# [Instructions for the task]
Quote the entries below from the line with "La-Z-Boy Miles Miles" through the line with "Dubrovnik: 45 minuutin", both ends included, and only those lines.

# [Extracted material]
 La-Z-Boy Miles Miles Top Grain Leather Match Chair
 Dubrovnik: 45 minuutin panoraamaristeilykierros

==

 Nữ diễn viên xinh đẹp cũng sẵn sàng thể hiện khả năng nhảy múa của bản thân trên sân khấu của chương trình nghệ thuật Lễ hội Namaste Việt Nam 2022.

# [Written response]
 La-Z-Boy Miles Miles Top Grain Leather Match Chair
 Dubrovnik: 45 minuutin panoraamaristeilykierros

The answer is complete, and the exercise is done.